The construction and design of this bag is immaculate and well-done. Each of those two-tone panels are stitched separately onto the face of the bag. The hardware is not cheap-looking or feeling and is a shiny slate-grey. There are a couple of interior pockets, but it’s not really designed to be a day-to-day bag – I would say this is an evening or special occasion bag.

People: Italian leather, especially from Florence, is very fine. They raise an excellent cow in that part of the country. Apologies to the vegetarians and vegans of the world… Florentine designers are also very fine: think Prada, Gucci, and Versace, to name a few BIG names.

My research on Daniela Moda reveals that she is a relatively new designer, based in Tuscany. And I have to say, I love my Moda bag and it now has the place of honor in my admittedly small (for now) collection. Searching Moda online revealed a couple of different options, one was strictly wholesale, and the other was in English, but prices are listed in British Pounds.

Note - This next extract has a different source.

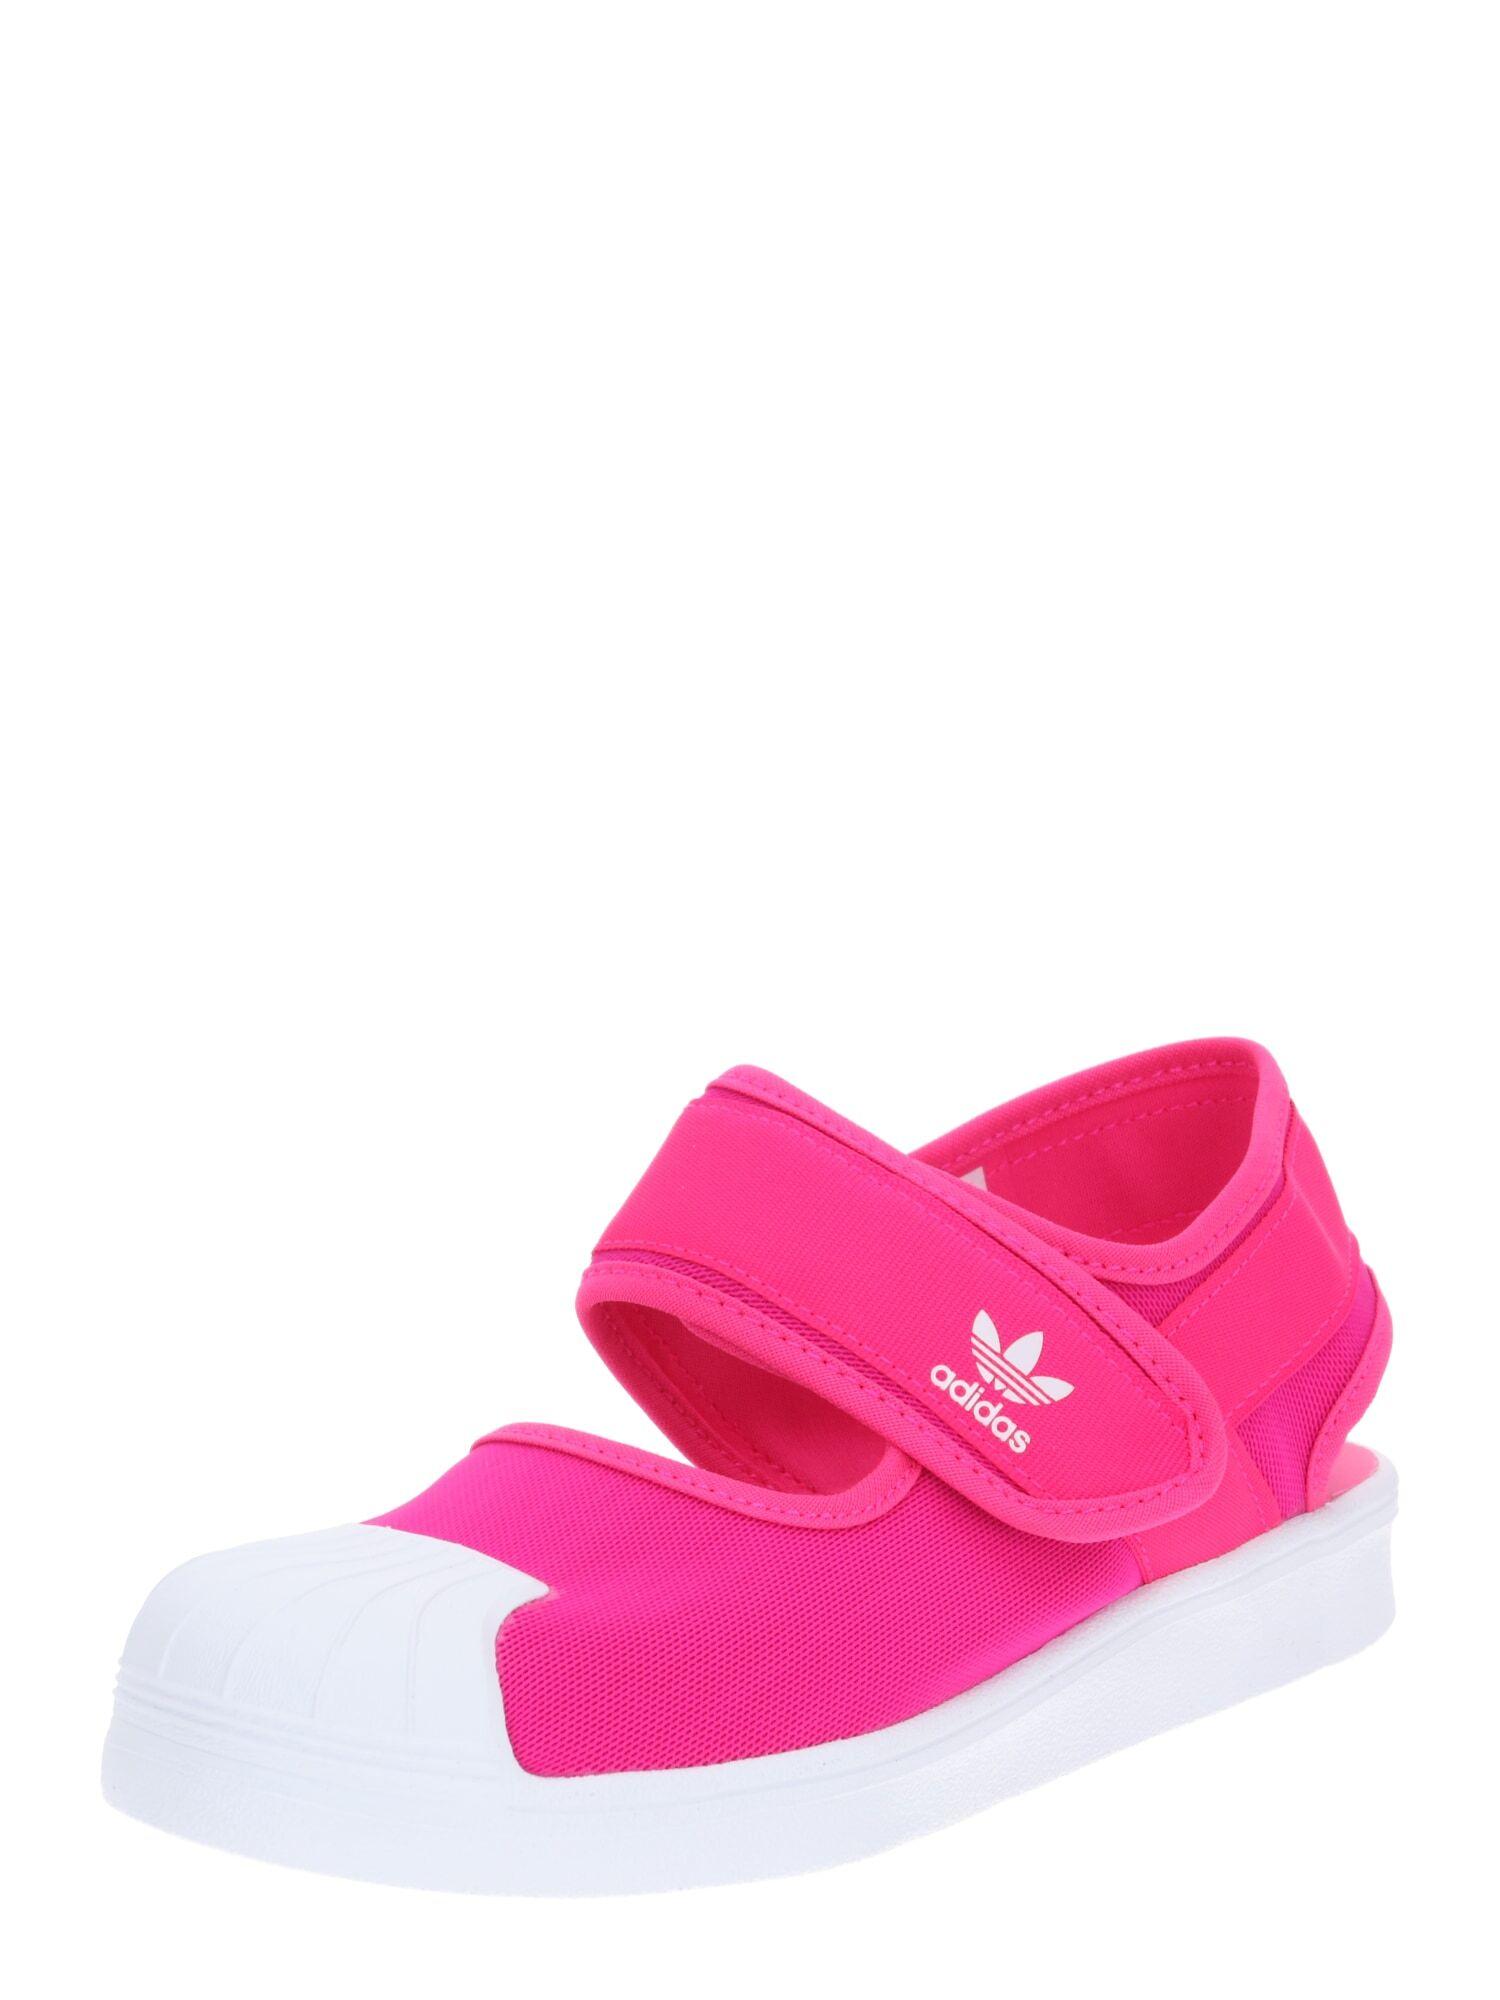 ADIDAS ORIGINALS Chaussures ouvertes 'SANDA'  - Rose - Taille: 30.5 - boy

I never saw my little two-tone hobo on those sites though, so score one for me and my original tastes!

So, okay

The thing is, I have two major problems: a handbag addiction and no desire to quit.

I don’t even own any Versace (YET, and I refuse to own knock-offs…), but I know what I like and I know what quality design and materials look and feel like!

I created this site to write about handbags and fashion and designers and styles and materials so my friends don’t have to listen to my fantastic ramblings. Instead, all us hopeless handbag hounds can ban together in Handbags Anonymous and guide each other to new heights of style, color, and quality hardware!

So tune in here for discussion on designer handbag lines, how to know what you like, what’s hawt and in the spotlight, who’s carrying what on their arms, and whatever other handbag-related whims I might conjure up.